A funny thing happened at Friday's opening night performance of WEST SIDE STORY at Meadowvale theatre.  Matthew McCarthy who was supposed to play Tony was felled by pneumonia and with just 36 hour of preparation, chorus member Marc Peters was drafted to play the role. 

 

Peters, a Grade 11 student at Cawthra Park Secondary School, has a beautiful voice, and plays his dramatic scenes with touching vulnerability. True, there are times he is a little too low-key, but that actually works fine for the character. 

 

He is given great support by Erica Feggans. She too has a beautiful voice and brings a believability and sweetness to Maria. Evan Smith has the natural charisma required for Riff, the leader of the Jets, while Brent Wilkinson and Maria DePalma makes a fiery Bernardo and Anita.

 

Danny Harvey who directed this production, deserves at least some of the praise here for helping shape these performances, but the transitions from scene to scene could use more fluidity. This is especially necessary in the last half of the show where the rising line of tension is defeated every time the action stops while the sets are shifted into place. Harvey, working with his designers could explore ways to choreograph the scene changes into the action.

 

WEST SIDE STORY was innovative because of its use of dance to express character. Anita describes the gang members as dancing "like they had to get rid of something, quick." That is the clue as to how the dances need to be staged: they require that urgency, and it is sadly lacking here. These are not chances for performers to show off, yet that is exactly what choreographer Cathy Smith has everyone doing, and it hurts the production.

 

Also hurting the production is the apparently under-rehearsed orchestra conducted by Jennifer Pearce.
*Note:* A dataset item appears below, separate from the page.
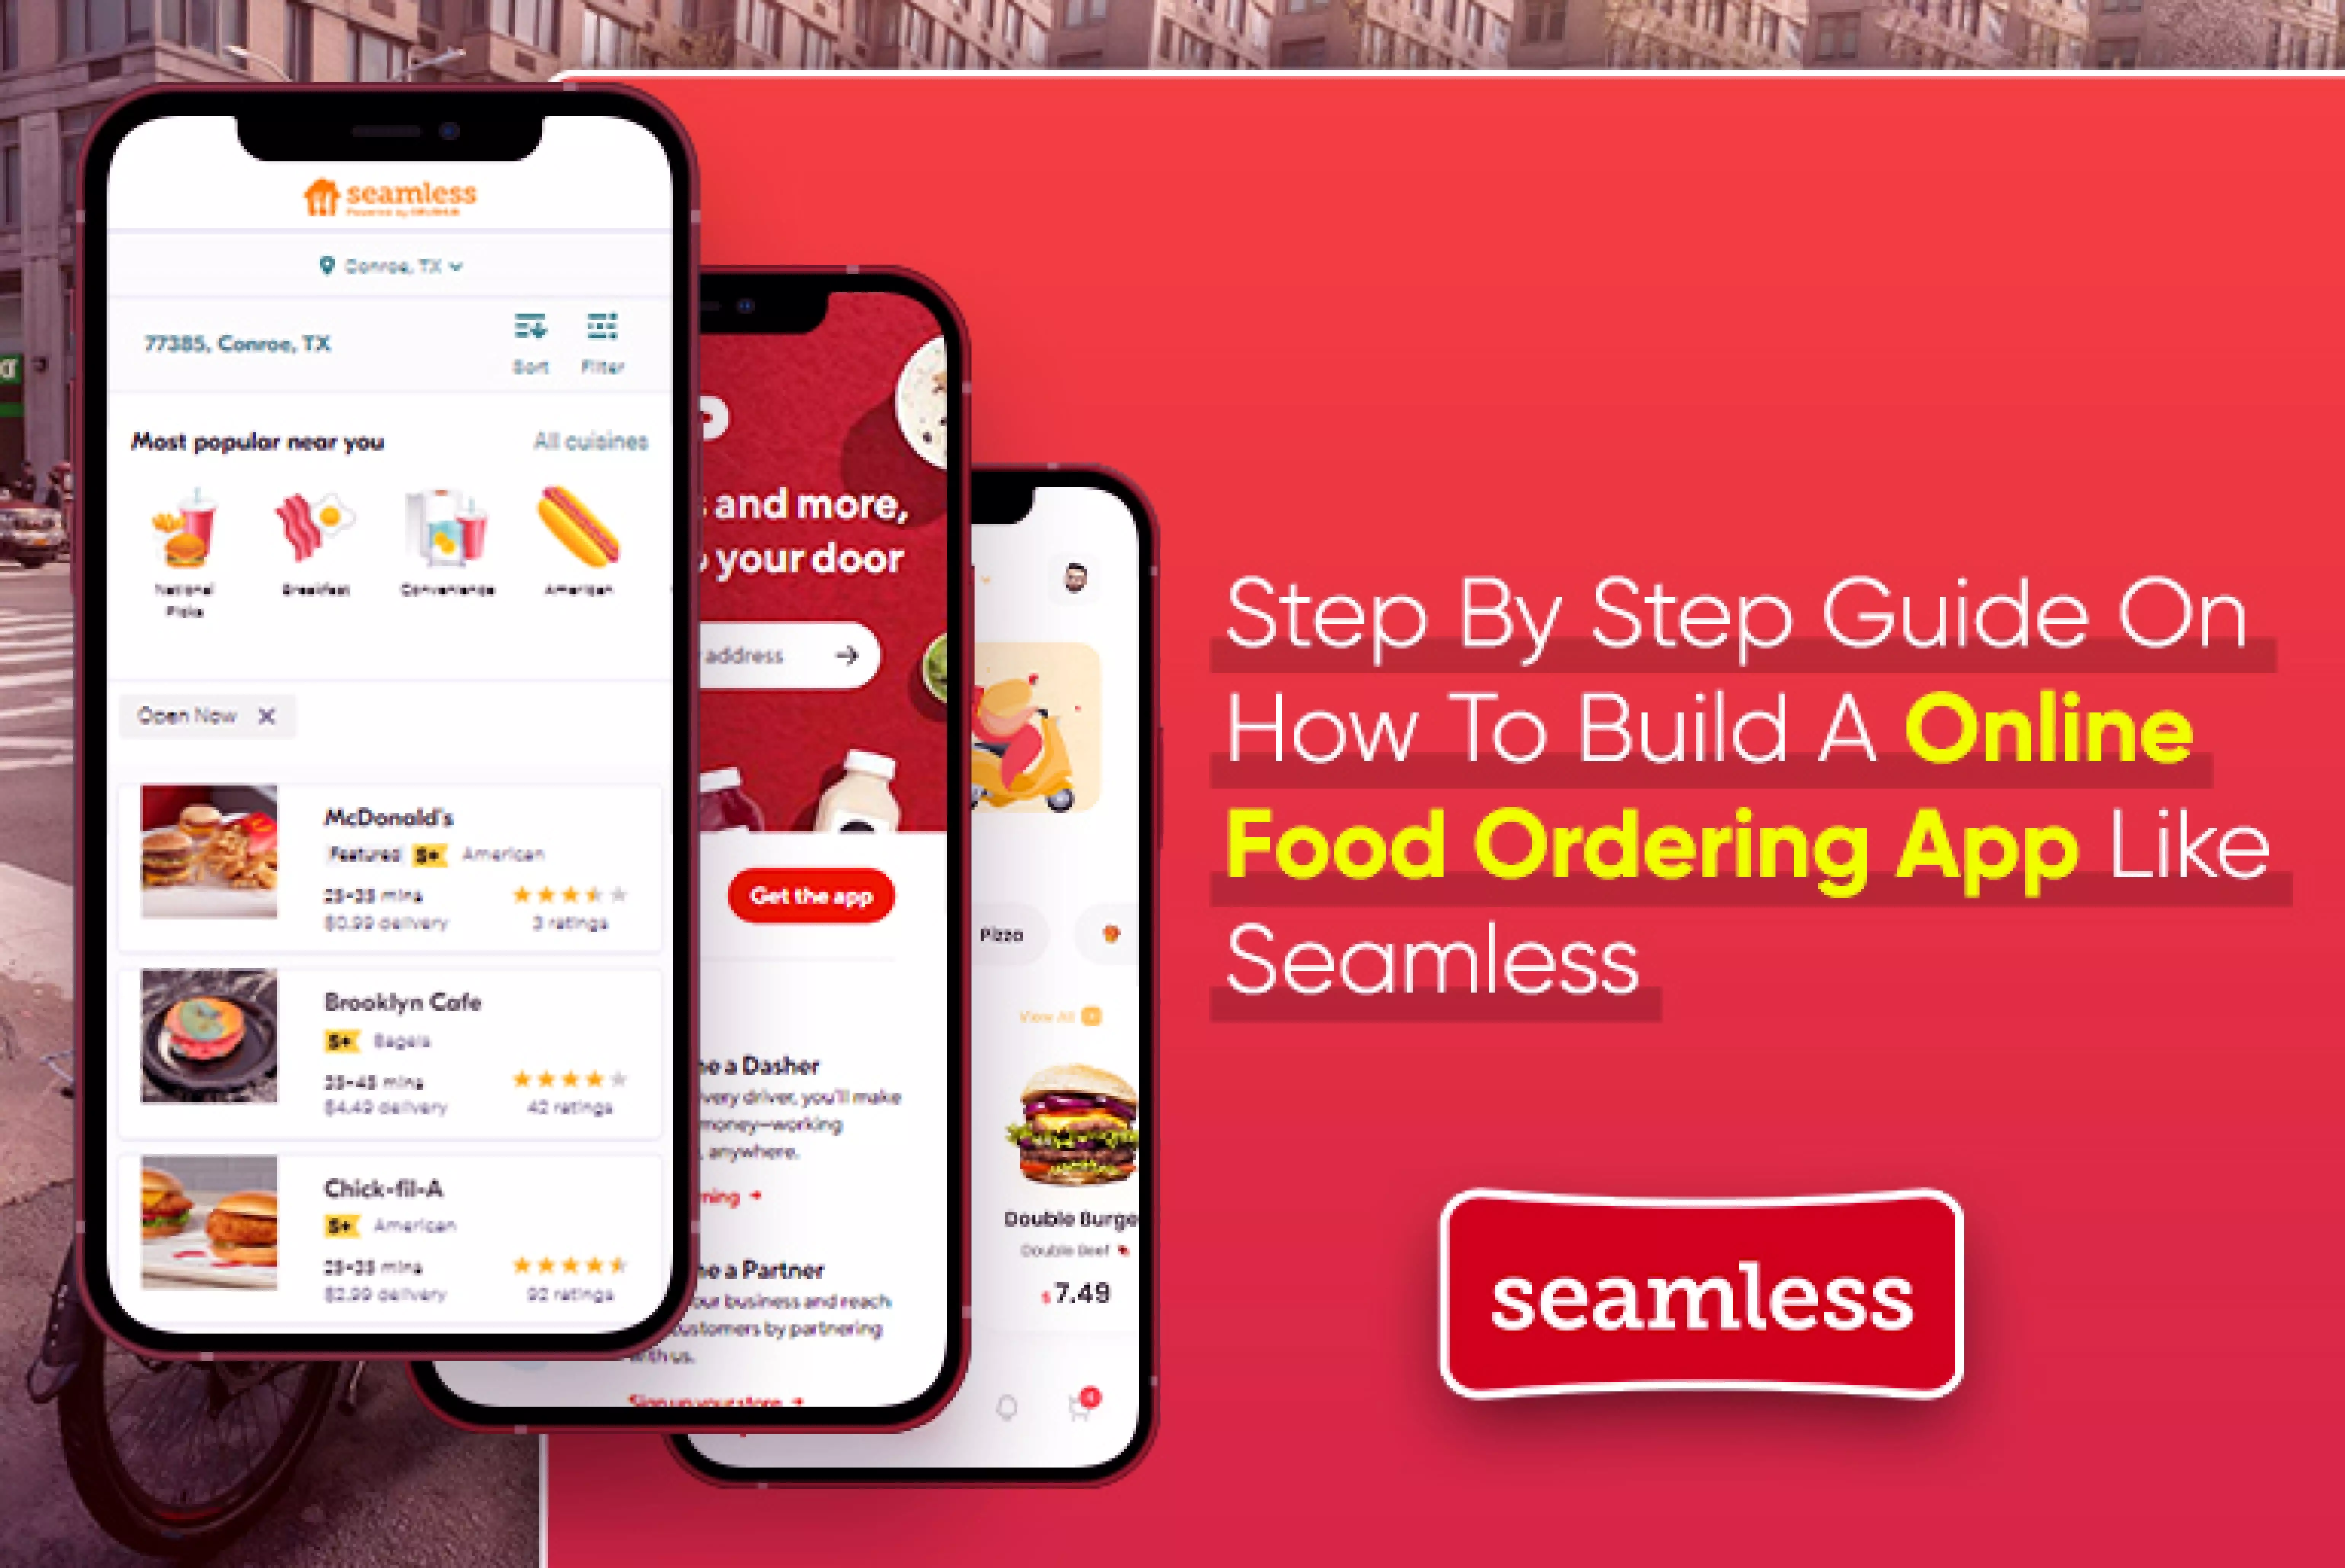 Step By Step Guide On How To Build A Food Ordering App Like Seamless_Thum
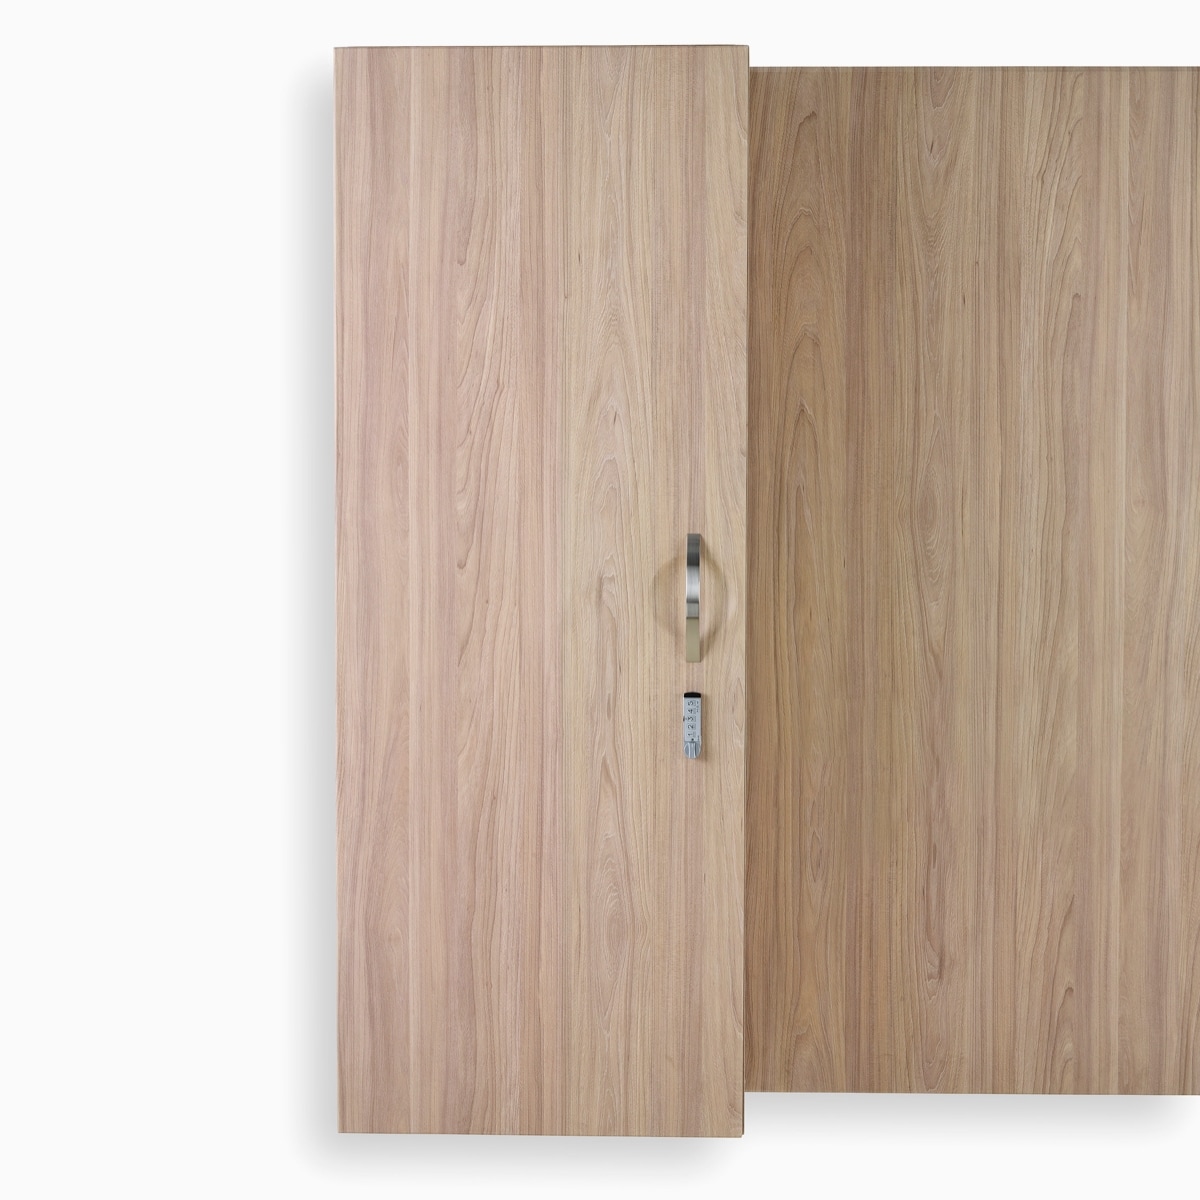 A close-up view of Compass System wardrobe cabinet in a medium wood finish.

Leonard Bernstein's eclectic jazz-oriented score needs to be played with much more energy and precision.

 

Energy is the pulse that drives WEST SIDE STORY, but the final scenes were very affecting on opening night; all the more amazing given the challenges the cast faced with a different leading actor. Hopefully Matthew McCarthy will recover quickly and we will have a chance to see him on stage in a future production, along with others from this talented cast. 

 

WEST SIDE STORY plays at the Meadowvale Theatre, 6315 Montevideo Road, March 2-4 at 8 PM with a 2 PM matinee on the 4th.